AP2Chem

Project description

The AP2Chem project entails the long-term aim of using visible light or redox potential as driving force for the synthesis of fuels and highvalue chemicals. To this end, there is still a need for more robust, energetically efficient (low overpotentials), selective and faster (TOF) water oxidation catalysts (or oxygen-evolving reaction catalysts), H₂O and CO₂ reduction catalysts, and catalysts for more elaborated transformations, as well as, the understanding in detail of the fundament processes involve. Towards this direction, the project aims to develop catalysts based on earth abundant elements and to understand how the mechanism operates at fundamental level.

The ground-breaking features of this project are:

A) Mechanistic investigations, characterization of key intermediates in the water reduction, and CO₂ reduction. Mechanistic aspects deserve special consideration. Despite the collection of mechanisms proposed, there is a lack of characterization of reaction intermediates. Likewise, understanding the thermodynamic and kinetic factors that control reaction rates is crucial to reduce overpotentials and increase rates and selectivity. Likewise, we will explore and study advanced strategies for the reduction of CO₂ to CO with molecular complexes. During the last years we have developed well-defined coordination complexes with aminopyridine ligands, which have been proven to be very active catalysts for the photo- and electro-catalytic reduction of protons to H₂ and CO₂ reduction. Since these complexes are excellent modular and tuneable platforms we will study and evaluate their effect by introducing pendant hydrogen bonding units and Lewis acids.

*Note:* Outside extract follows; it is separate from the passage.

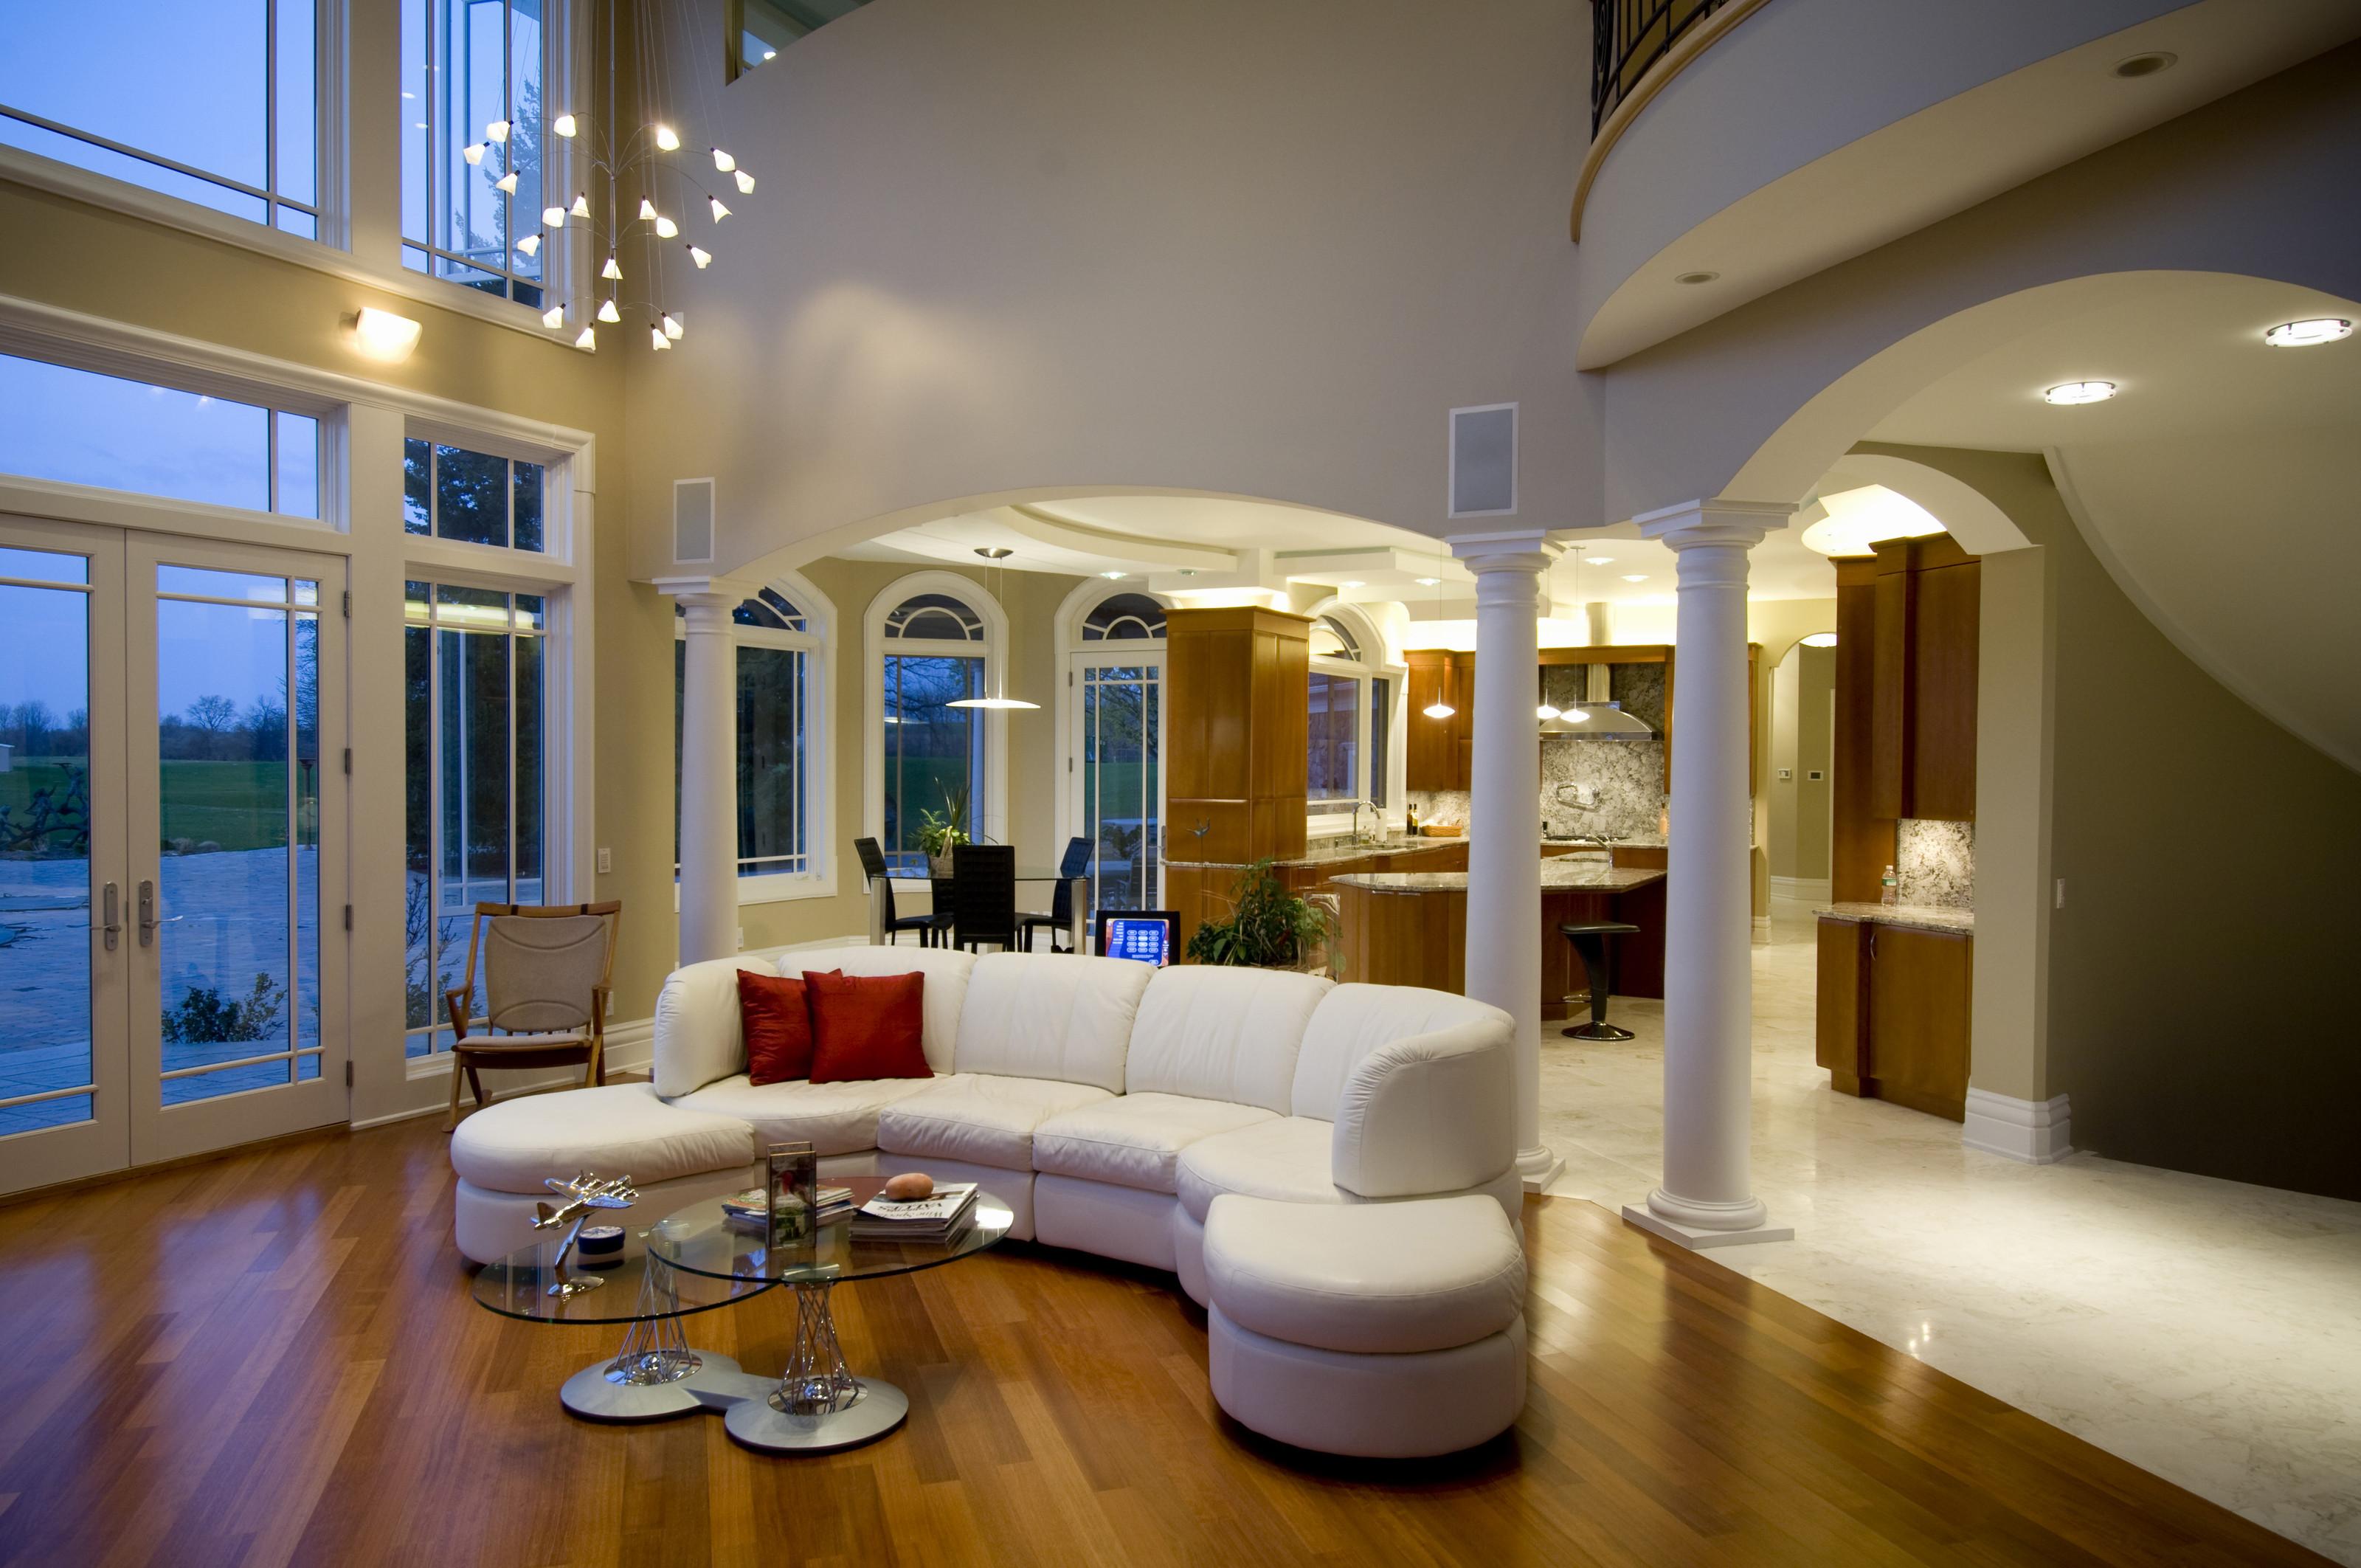 Красота дизайн интерьера

B) Fully implementation of functional Artificial Photosynthetic (AP) schemes requires that both oxidation and reductive catalytic sites operate together without crossover reactivity. To this end we aim to compartmentalize the reactivity by catalyst immobilization over (photo)electrodes, maintaining the spatial separation between them. To this end, we plan to develop mix metal oxides, and reticular materials such as covalent organic frameworks (COFs) will be chosen for implementation in devices. Mix metal oxides are among the most promising materials for applications; however, there is a lack of understanding. Nevertheless, interesting per se, COFs can serve as a matrix to embed catalysts, photosensitizers, and electron carriers, all working in a synchronized manner.

C) We also aim to develop new light- or electro-driven regio- and/or enantioselective catalytic reductions using the same family of welldefined coordination complexes with aminopyridine ligands. Electronic and supramolecular interactions (pi-stacking, and chiral pockets) will be studied for proper control of the selectivity in i) the reduction of C=E and C=C bonds and ii) in the C-C inter- and intramolecular reductive homo- or heterocouplings.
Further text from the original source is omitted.